I've looked around & found:
BenQ E2220HD 
which is available on SMC for Rs. 8800/-

A review here states that it's color quality is not that good.

Upon hearing color quality the Samsung B2230 comes to mind, available at SMC for 8.2k, but sadly misses a HDMI port.

So can you guys help & guide me into choosing my monitor.

P.S. I don't have a GPU, but a 880g chipset.


----------



## SlashDK (Jan 22, 2011)

Go for Dell ST2220L eyes closed. Its a 22" LED comes with a HDMI port and also looks good.


----------



## nbaztec (Jan 22, 2011)

Absolutely brilliant Cybertonic. Thanks a ton. Great Monitor. Only it's out of stock @ SMC (Delhi). Man do I hate waiting for uber-cool stuff.


----------



## SlashDK (Jan 23, 2011)

First confirm that its ST2220L not ST2220M(without HDMI). When I bought it it was new in the market and I didn't realise that the M version didn't have HDMI.


----------



## nbaztec (Jan 23, 2011)

^ Yep, I've already checked that. A thorough search is a good search. 
Thanks for the heads up.


----------



## imgame2 (Feb 7, 2011)

what is its price currently ?


----------



## Ishu Gupta (Feb 7, 2011)

~ 8.5k


----------



## Zangetsu (Feb 7, 2011)

nbaztec said:


> Absolutely brilliant Cybertonic. Thanks a ton. Great Monitor. Only it's out of stock @ SMC (Delhi). Man do I hate waiting for uber-cool stuff.

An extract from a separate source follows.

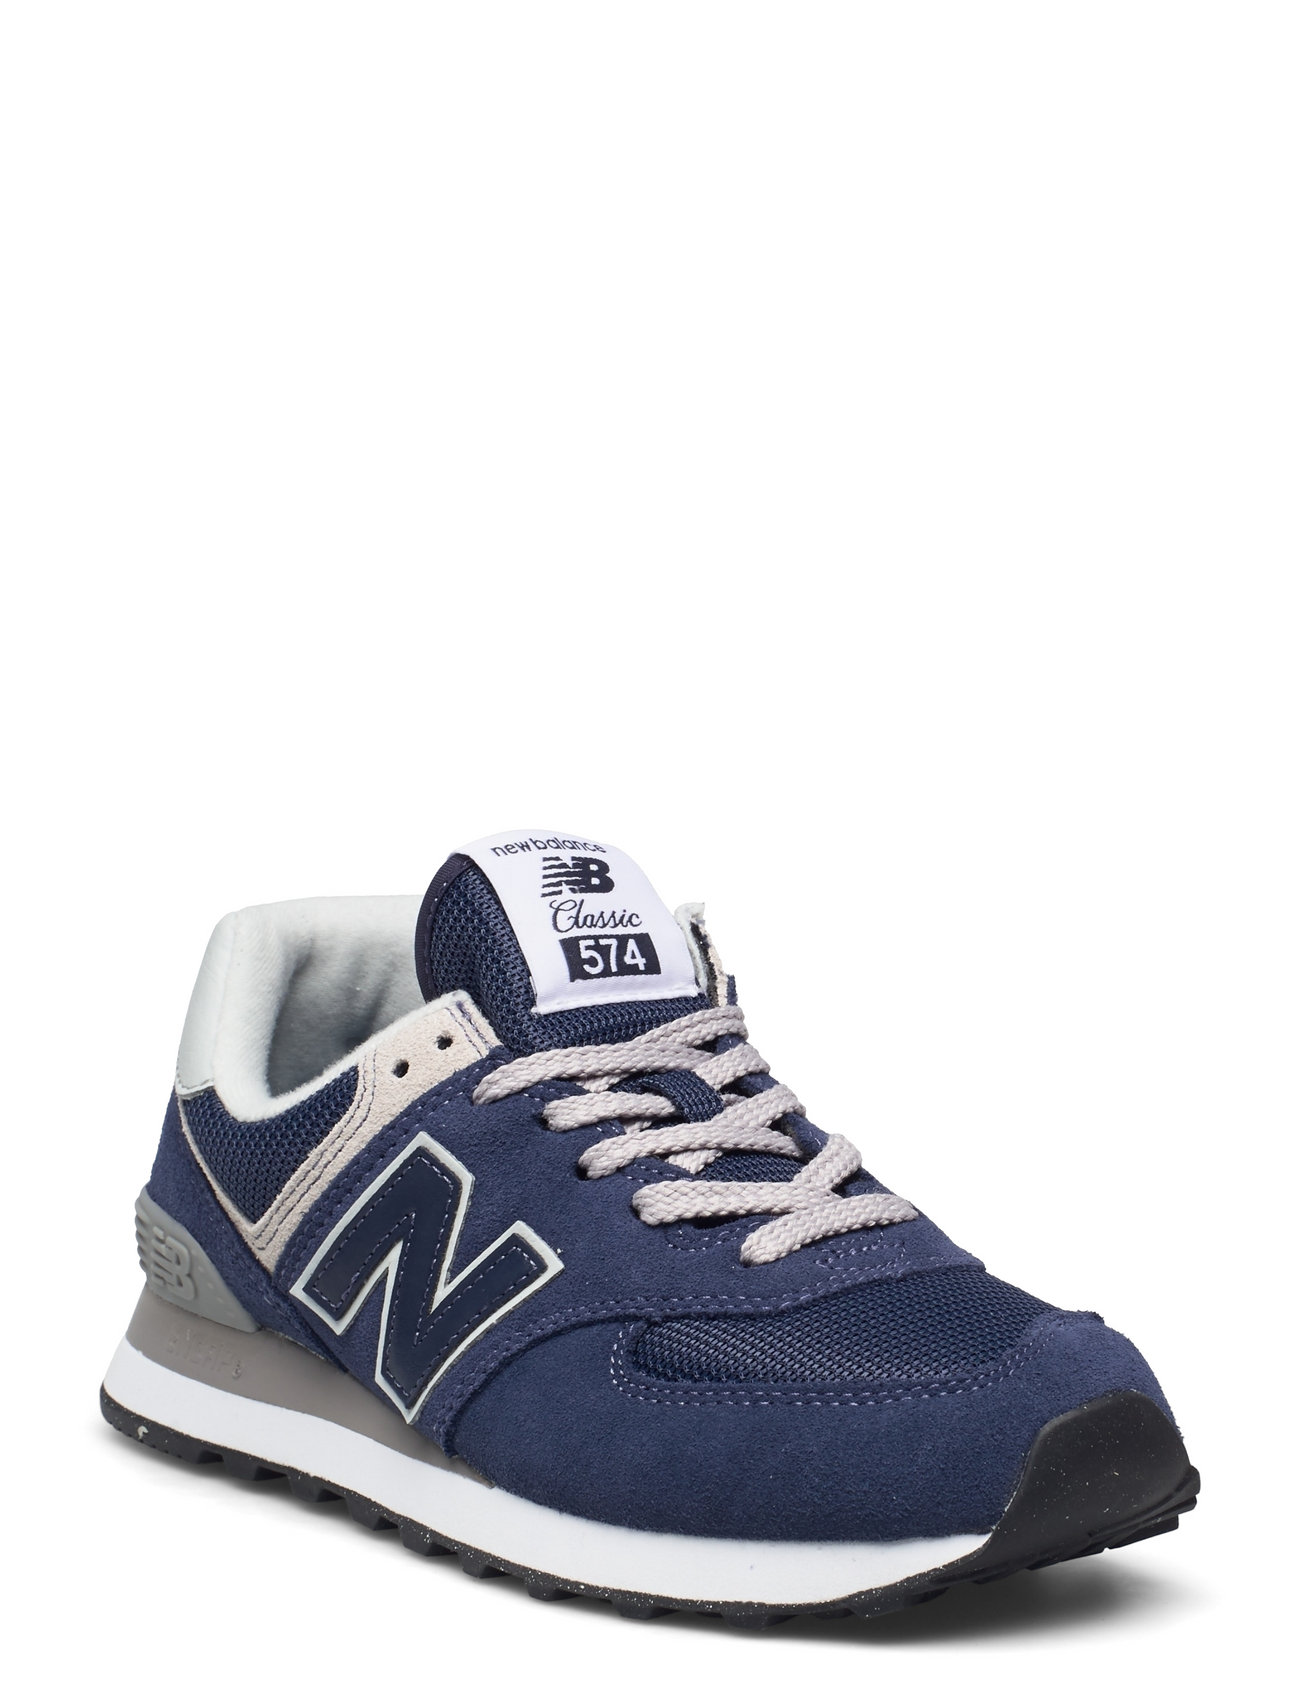 New Balance 574 Sport Sneakers Low-top Sneakers Navy New Balance
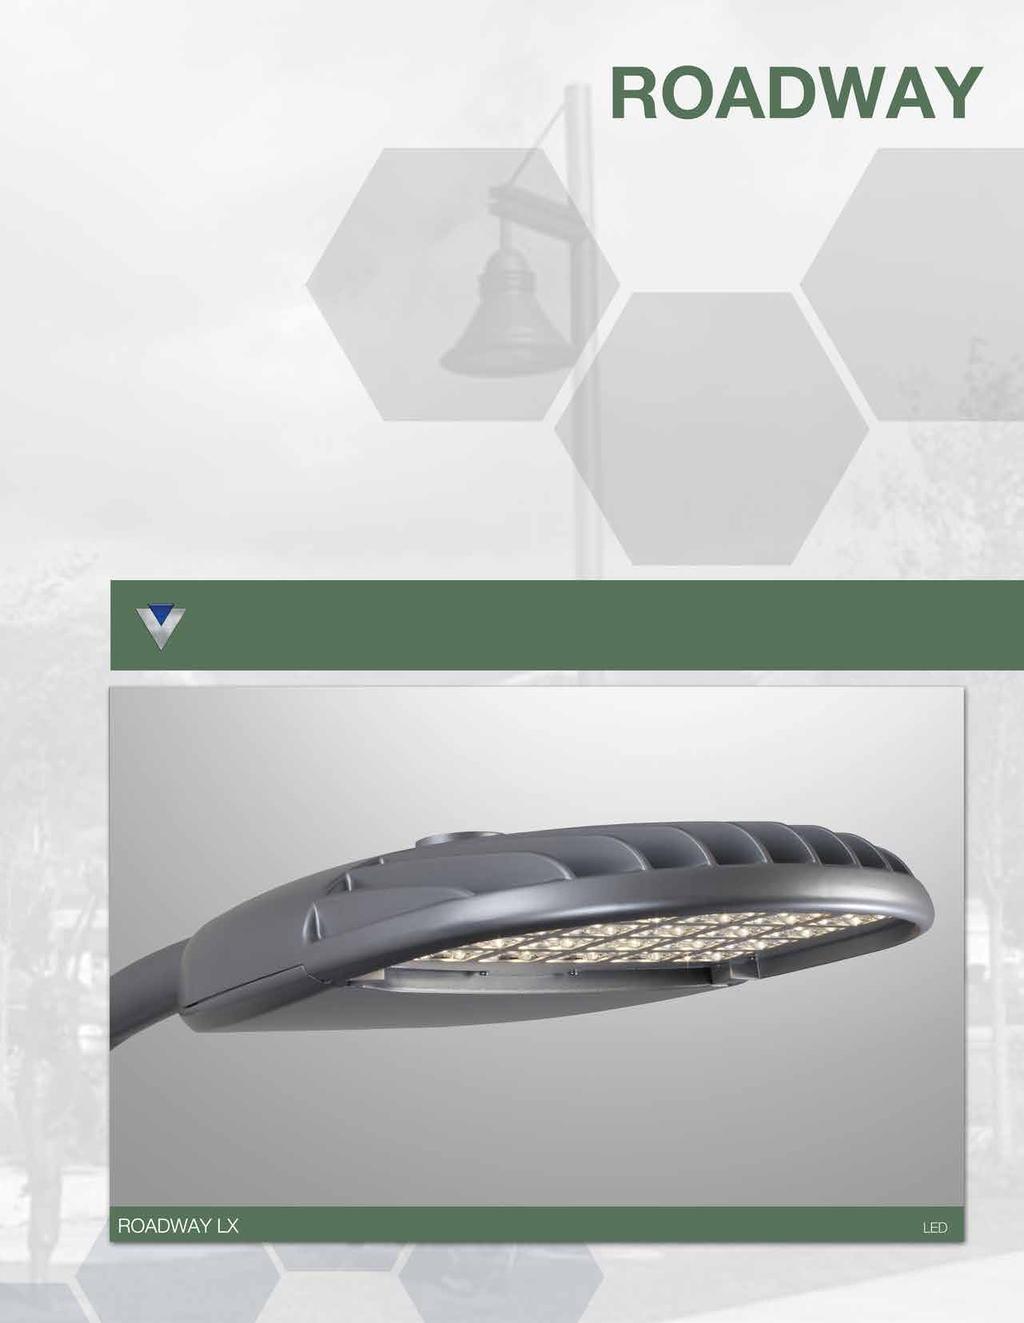 Roadway : The Evolution Of Design And Efficiency The evolution of LED roadway lighting really brings our Roadway lighting products into the 21st Century with an exciting array of options for cities

DELL has stopped manufacturing the ST2220L & is selling ST2220M. 
I have contacted DELL India sales dept.
Not even available in LT Road & vendors dnt knw whether it will come or not

@OP: if u want HDMI then dnt buy ST2220M otherwise only difference is HDMI port in L & M model.


----------



## nbaztec (Feb 7, 2011)

Yep ST2220L is out of line. Got 2320L instead for 9.8k.


----------



## Zangetsu (Feb 8, 2011)

nbaztec said:


> Yep ST2220L is out of line. Got 2320L instead for 9.8k.



Congrats.Do post ur comments on it....


----------



## nbaztec (Feb 8, 2011)

To say the least, its pretty big. No ghosting so far. The level of sharpness seems a bit low. Great viewing angles. Colors seem natural enough (Important as I do graphic designing). However I wish there really was a sharpness setting.


----------



## Zangetsu (Feb 9, 2011)

^^cud u post the pic of it....


----------